<<<<

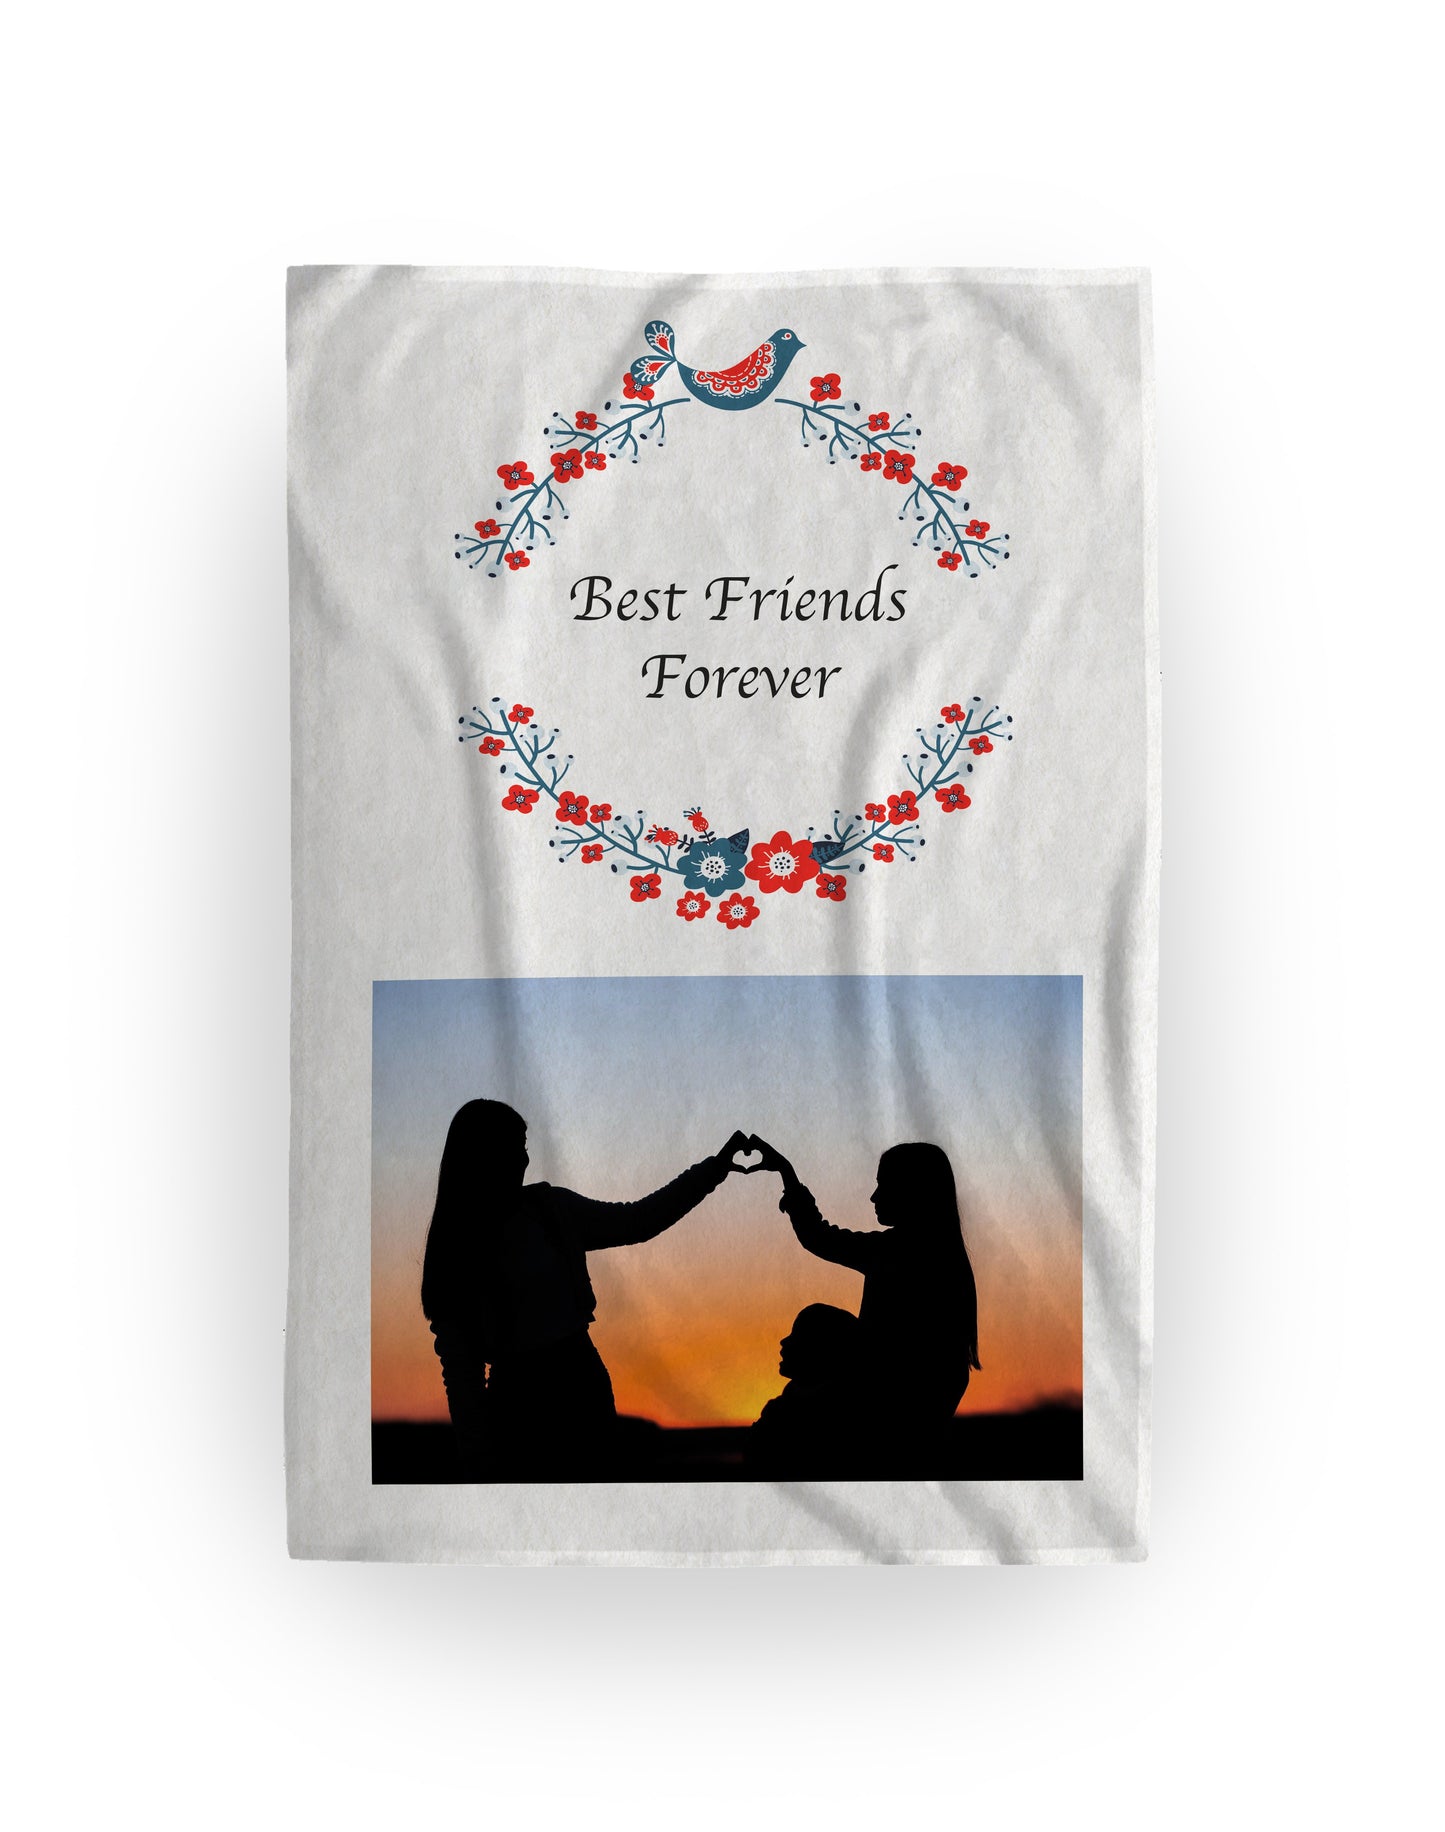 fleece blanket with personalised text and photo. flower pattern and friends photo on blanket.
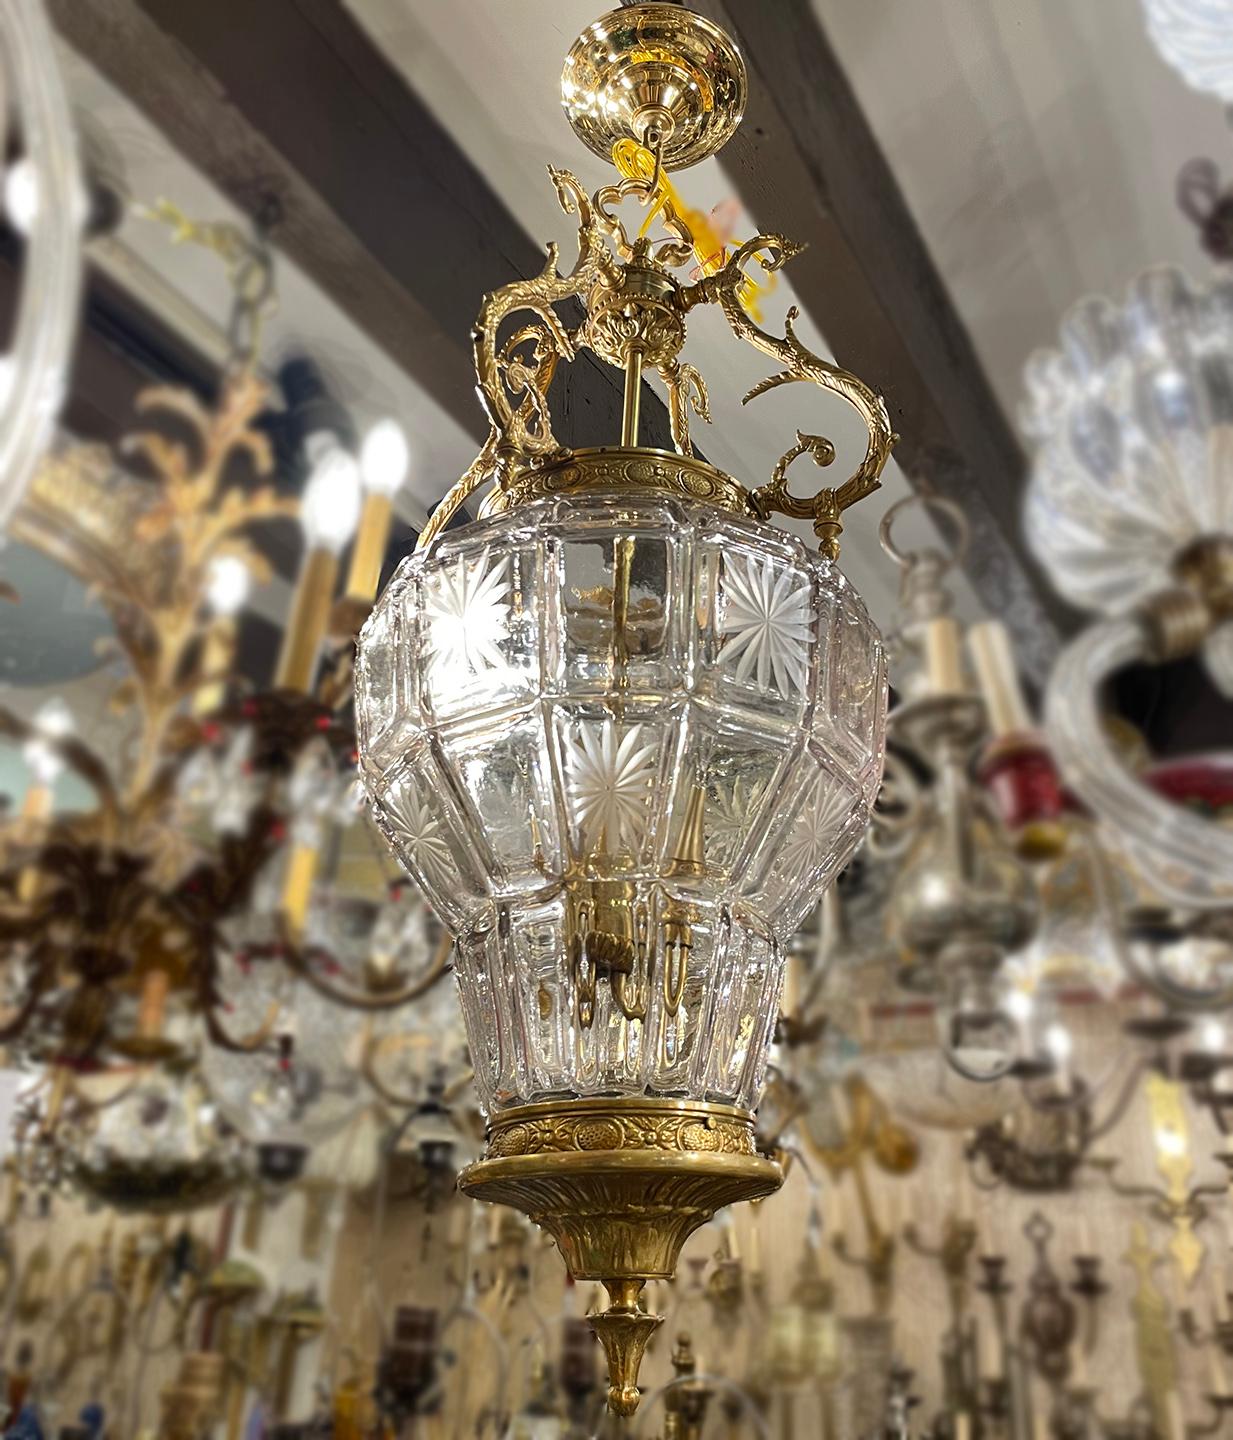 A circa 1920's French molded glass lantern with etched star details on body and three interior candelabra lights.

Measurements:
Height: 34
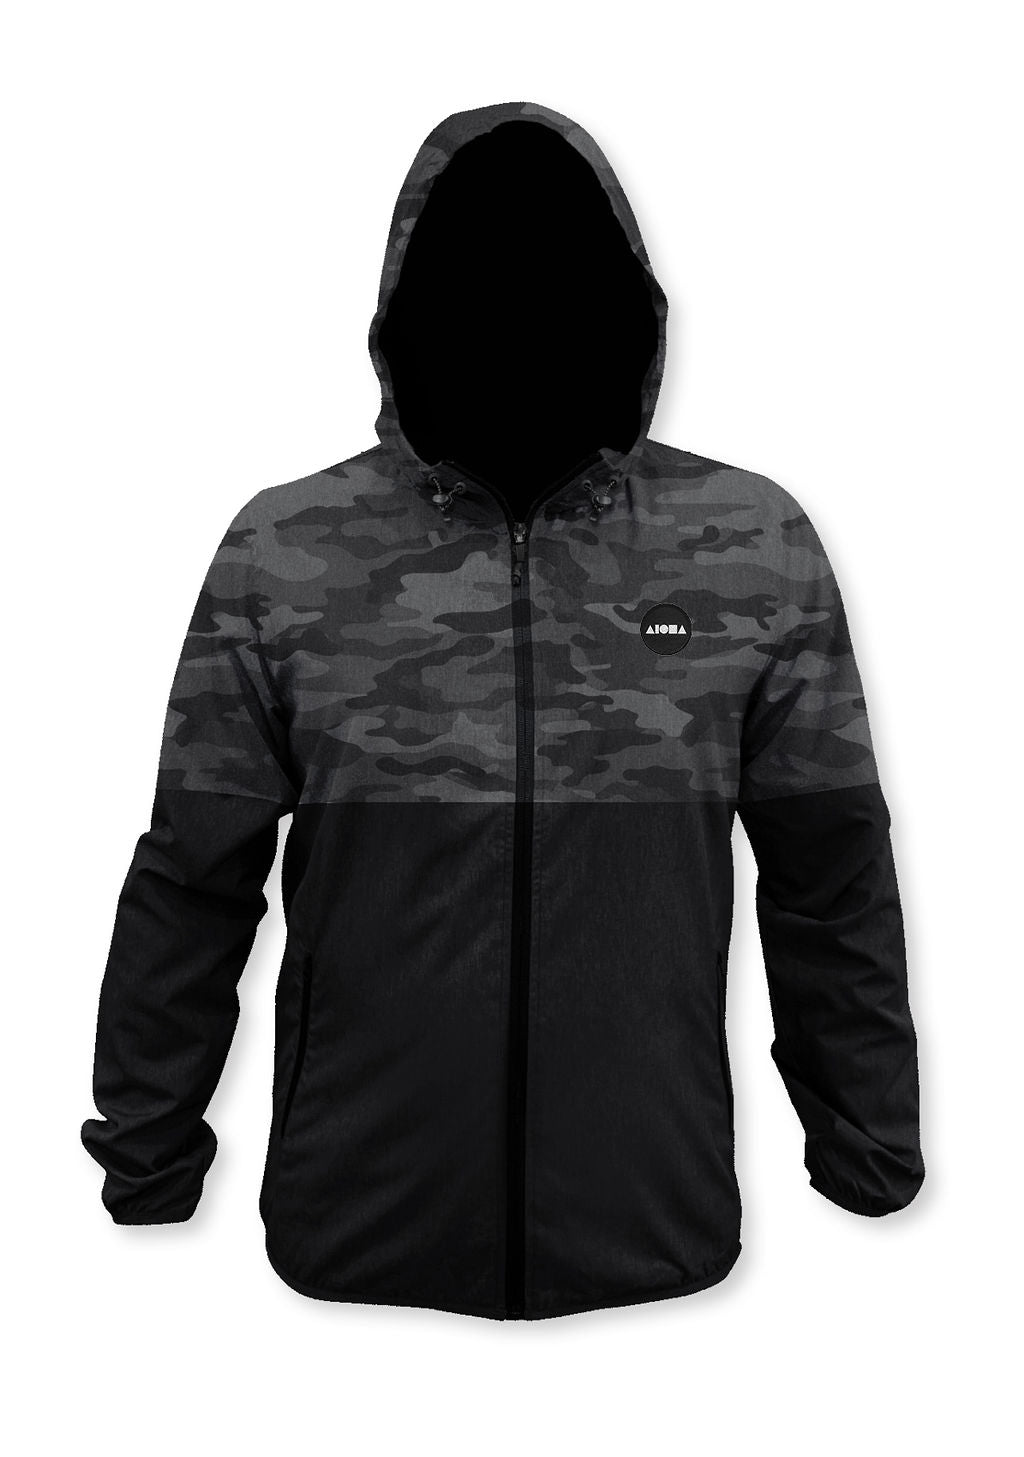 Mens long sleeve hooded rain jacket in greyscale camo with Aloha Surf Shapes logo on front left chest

>>>>

→ **TASK OBJECTIVE**:
Retype the records exactly. Any image in them should not appear in what you write.

→ **FINISHED TASK**:
 fleece blanket with personalised text and photo. flower pattern and friends photo on blanket.
 A circa 1920's French molded glass lantern with etched star details on body and three interior candelabra lights.

Measurements:
Height: 34
 Mens long sleeve hooded rain jacket in greyscale camo with Aloha Surf Shapes logo on front left chest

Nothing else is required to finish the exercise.